Вернувшись из роддома с маленькой Сонечкой, Ира словно не заметила исчезновения ноутбука, зато начала войну против Рюрика.
Если раньше ему было позволено летать по всему дому и сидеть у Марты на плече, где бы она ни находилась, то теперь Ира панически боялась его.
Она убеждала отца, что попугай опасен для ребенка, и это косвенно подтверждал некий болезненный интерес, который Рюрик к младенцу испытывал. Марта понимала, что попугай просто встревожен и желает разобраться, не угрожает ли ему это новое существо, но Ира отказывалась познакомить попугая с ребенком.
Все это привело к предсказуемо психопатической атмосфере в доме: Рюрик крушил комнату Марты, откуда его нельзя было выпускать, Ира орала, что от попугая надо избавиться, а Марта, в свою очередь, орала, что никогда не отдаст его.
Когда ребенку исполнилось полгода и он уже проявлял некоторую осмысленность, Марта предприняла роковую вылазку.
Воспользовавшись тем, что Ира прилегла отдохнуть, поручив ей следить за Соней, она выпустила Рюрика из комнаты. Попугай мгновенно оказался на бортике детской кроватки. Марта стояла тут же.
— Это Соня, видишь? — сказала она.
Рюрик недоверчиво смотрел на Соню, а та силилась приподняться на ручках, чтобы получше его разглядеть.
— Соня хорошая, — добавила Марта.
Ира вошла в комнату в тот момент, когда Рюрик медленно спускался к Соне по деревянным прутьям на бортике кровати.

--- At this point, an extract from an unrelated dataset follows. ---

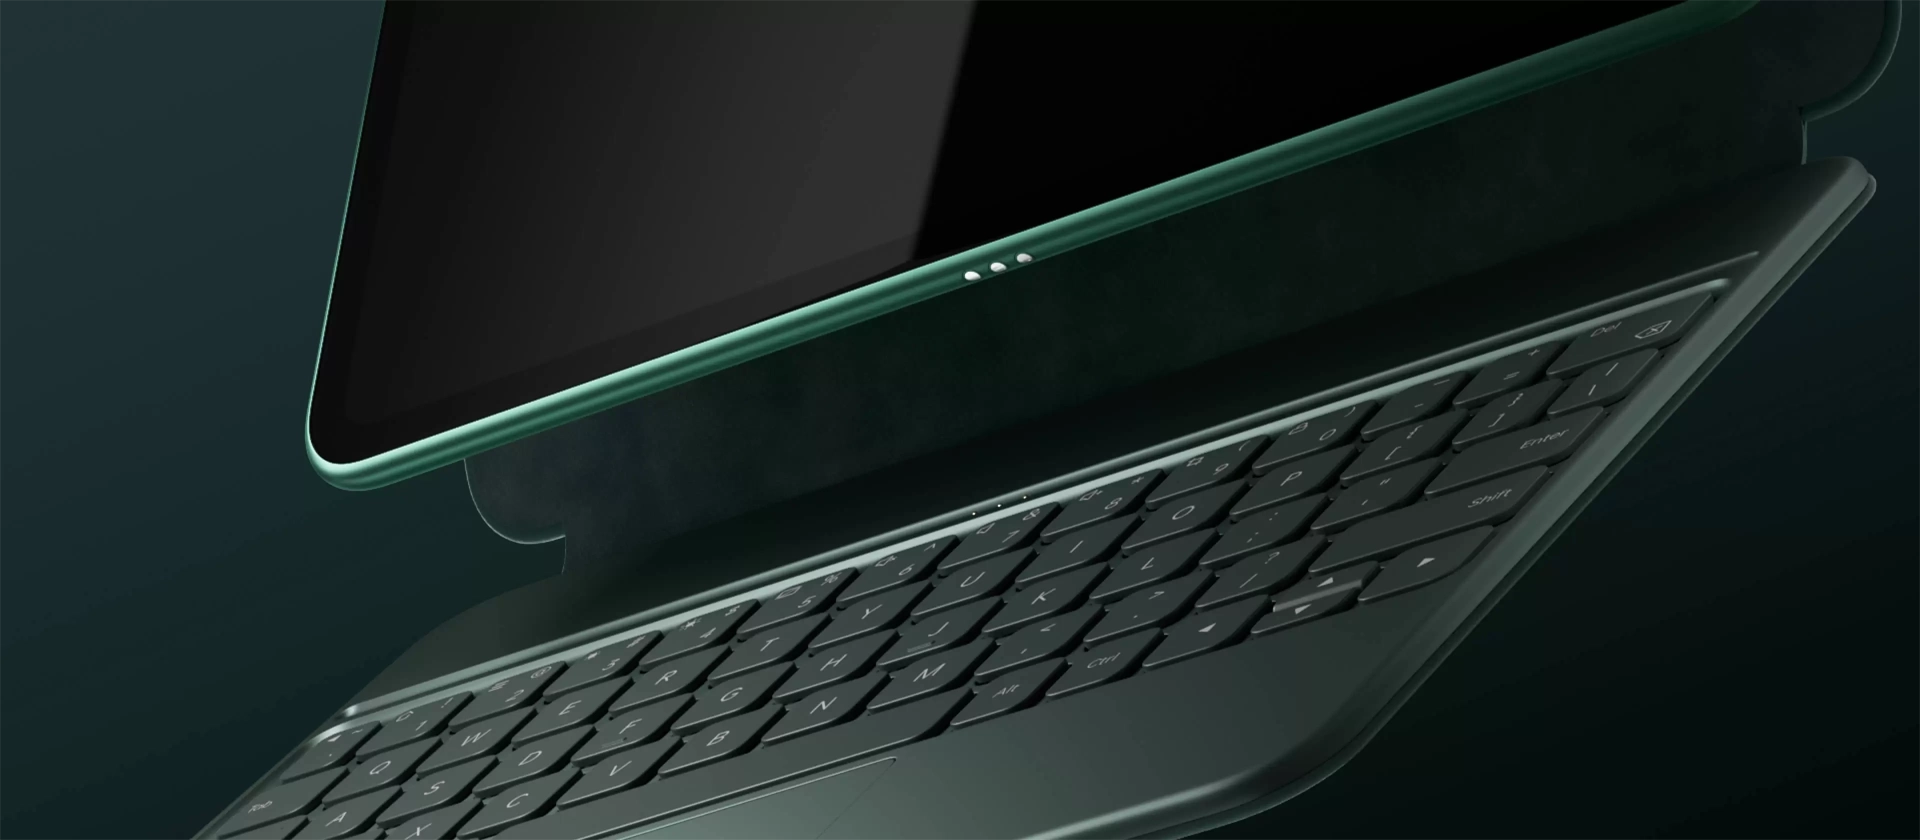 OnePlus Magnetic Keyboard

С истошным воплем она схватила диванную подушку, рванулась к кроватке и со всей силы ударила Рюрика.
Соня зарыдала.
— Зачем?! — крикнула Марта.
Ира взяла Соню на руки и, пообещав все рассказать отцу, вылетела из комнаты.
Марта, словно повторяя действия Иры, взяла на руки оглушенного попугая, и впервые в жизни он больно, до крови, укусил ее.
— Марта! Марта! — Она пришла в себя от того, что девочка дергала ее за волосы. — Проснись!
Марта открыла глаза. На болото медленно, но неумолимо опускались сумерки. Она почти ничего не видела, кроме пятна белой блузки в коричневых разводах.
— Пойдем, — сказала девочка, — надо идти.
— Я не знаю куда, — возразила Марта.
— Я знаю, — девочка тянула ее за руку, — я выведу тебя.
Марта встала — сначала на колени, потом, опираясь на сосну, поднялась на ноги.
Несколько секунд она стояла, прикрыв глаза, чтобы унять тошноту, чтобы утих салют, взрывающийся перед глазами. Девочка всунула в ее ладонь посох, как у пилигрима, одной рукой Марта опиралась на него, а другой то и дело подтягивала спадающие джинсы.
— Может, поешь немного морошки? — спросила девочка.
Марта поморщилась, ей больше не хотелось есть.